Optionally, as shown in fig. 11, the apparatus 1100 further includes:
the text vector generation unit 1201 is configured to perform processing of text of a text type into a text vector via the text embedding model and processing of text of a pinyin type into a text vector via the pinyin embedding model if it is determined that there is no abnormal content in the text to be recognized.
And a similarity determining unit 1202 configured to perform similarity between a text vector obtained by the determining process and a plurality of historical negative text vectors in a preset negative text vector library, respectively, wherein the historical negative text vectors are text vectors in which no abnormal content is determined by a word recognition model or a pinyin recognition model in advance and the abnormal content is actually present.
The result determining unit 1104 is configured to perform determination of a second recognition result of the text to be recognized, based on the obtained plurality of similarities, the second recognition result being used to indicate whether or not abnormal content exists in the text to be recognized.
Optionally, as shown in fig. 12, the apparatus 1100 further includes: the text vector adding unit 1301 is configured to perform adding a text vector of the text to be recognized into a preset history negative-type text vector library if the second recognition result indicates that there is no abnormal content in the text to be recognized and the text to be recognized actually has abnormal content.
Further, the information obtaining unit 1101 is further configured to obtain to-be-trained text samples carrying category identifiers, and generate to-be-trained countermeasure samples carrying category identifiers according to the to-be-trained text samples carrying the category identifiers, where the category identifier of each historical text sample is the same as the category identifier of the countermeasure text; and obtaining the pinyin samples to be trained carrying the category identifiers, generating the countermeasure samples to be trained carrying the category identifiers according to the pinyin samples to be trained carrying the category identifiers, wherein the category identifiers of each historical pinyin sample are the same as the category identifiers of the countermeasure texts.
As shown in fig. 13, the apparatus 1100 further includes: the model training unit 1501 is configured to perform training to generate a character recognition model by inputting a training sample set comprising a character sample to be trained carrying a category identifier and a challenge sample to be trained carrying a category identifier into a training network model; inputting a training sample set consisting of the pinyin sample to be trained with the category identification and the challenge sample to be trained with the category identification into a training network model, and training to generate a pinyin identification model.
Specifically, the training network model includes a feature vector extraction layer, at least one coding layer, at least one fully connected layer, and a softmax layer, which are connected in sequence. As shown in fig. 14, the model training unit 1501 includes a text input module 1601, a feature vector generation module 1602, a feature interaction module 1603, a two-dimensional feature generation module 1604, a text recognition module 1605, a loss function determination module 1606, a gradient determination module 1607, and a parameter update module 1608, wherein,
the text input module 1601 is configured to perform inputting a training sample set including a to-be-trained text sample or a to-be-trained pinyin sample carrying a category identifier, and a to-be-trained challenge sample carrying a category identifier into the feature vector extraction layer.

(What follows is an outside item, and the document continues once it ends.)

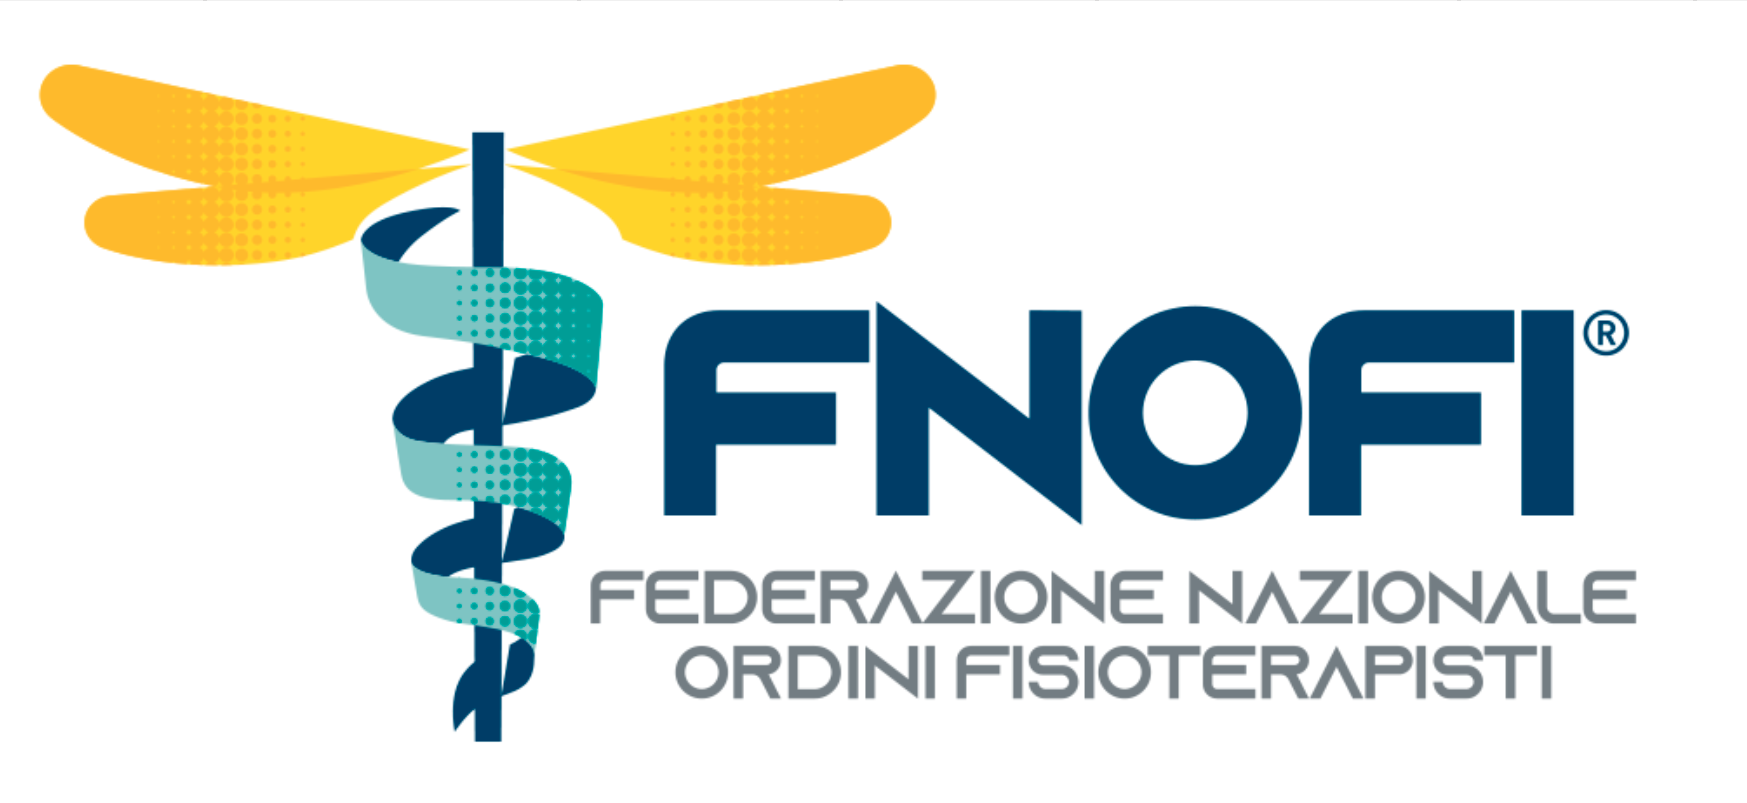 Al momento stai visualizzando FNOFI: analisi numerica estesa e aggregata della realtà professionale dei fisioterapisti
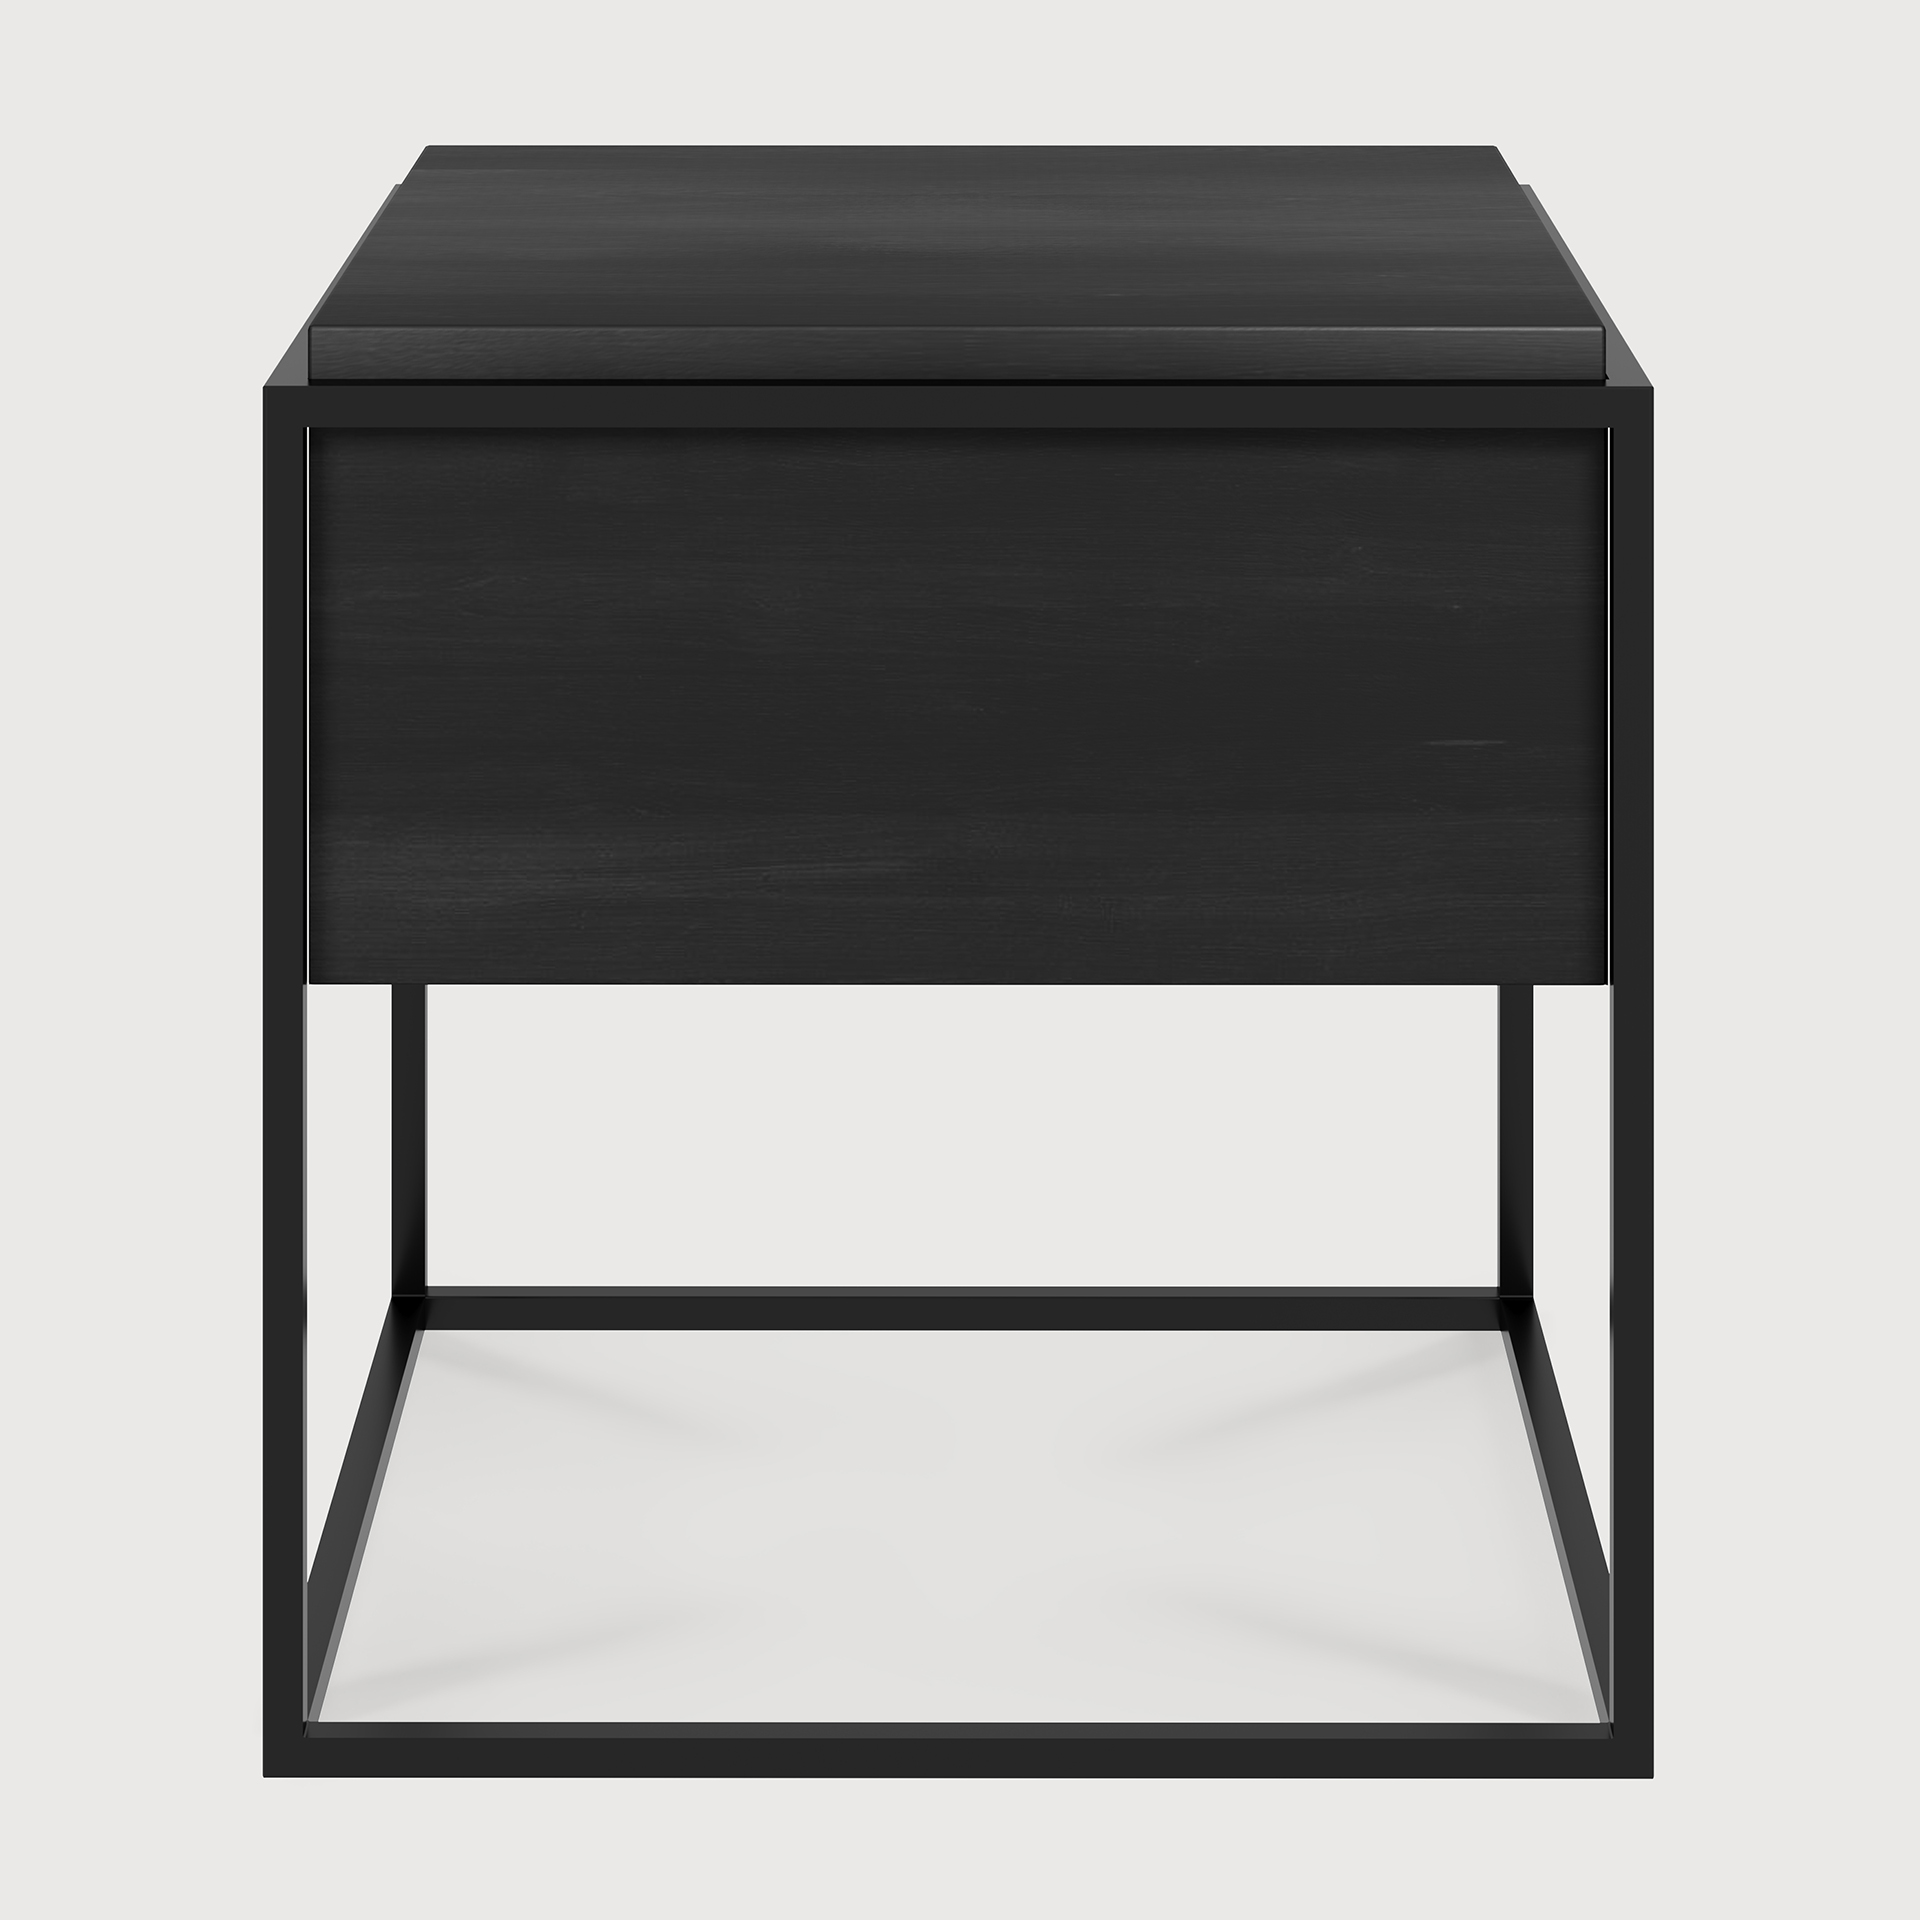 [26870*] Monolit black bedside table - 1 drawer - black metal

The feature vector generation module 1602 is configured to perform a conversion of training samples into text feature vectors carrying location information via a feature vector extraction layer.
The feature interaction module 1603 is configured to perform feature interactions on the text feature vectors via at least one encoding layer.
The text recognition module 1605 is configured to perform processing on the text feature vector after feature interaction through at least one full connection layer to obtain a preliminary recognition result, and normalize the preliminary recognition result through a softmax layer to generate a network recognition result.
The loss function determination module 1606 is configured to determine a cross entropy loss function based on the class identification, network identification result of each training sample.
A gradient determination module 1607 is configured to perform a gradient determination of the cross entropy loss function of the plurality of training samples according to a small batch gradient descent algorithm.
A parameter update module 1608 configured to perform updating network parameters of the training network model according to the gradient.
With respect to the apparatus 1100 in the above embodiment, the specific manner in which the respective modules perform the operations has been described in detail in the embodiment regarding the method, and will not be described in detail herein.
Fig. 15 is a block diagram of a server 102 showing a recognition method for text information according to an exemplary embodiment. Referring to fig. 15, the server 102 includes a processing component 1701 that further includes one or more processors and memory resources represented by a memory 1702 for storing instructions, such as an application program, executable by the processing component 1701. The application program stored in the memory 1702 may include one or more modules each corresponding to a set of instructions. Further, the processing component 1701 is configured to execute instructions to perform the text information recognition method described above.
For example, the following steps may be performed:
acquiring a text to be identified;
performing text type conversion processing on the text to be identified to obtain at least one corresponding converted text;
respectively carrying out content recognition on the text to be recognized and at least one converted text to obtain corresponding first recognition results, wherein the first recognition results are used for representing whether abnormal content exists in each corresponding text;
and determining whether abnormal content exists in the text to be identified or not based on each first identification result.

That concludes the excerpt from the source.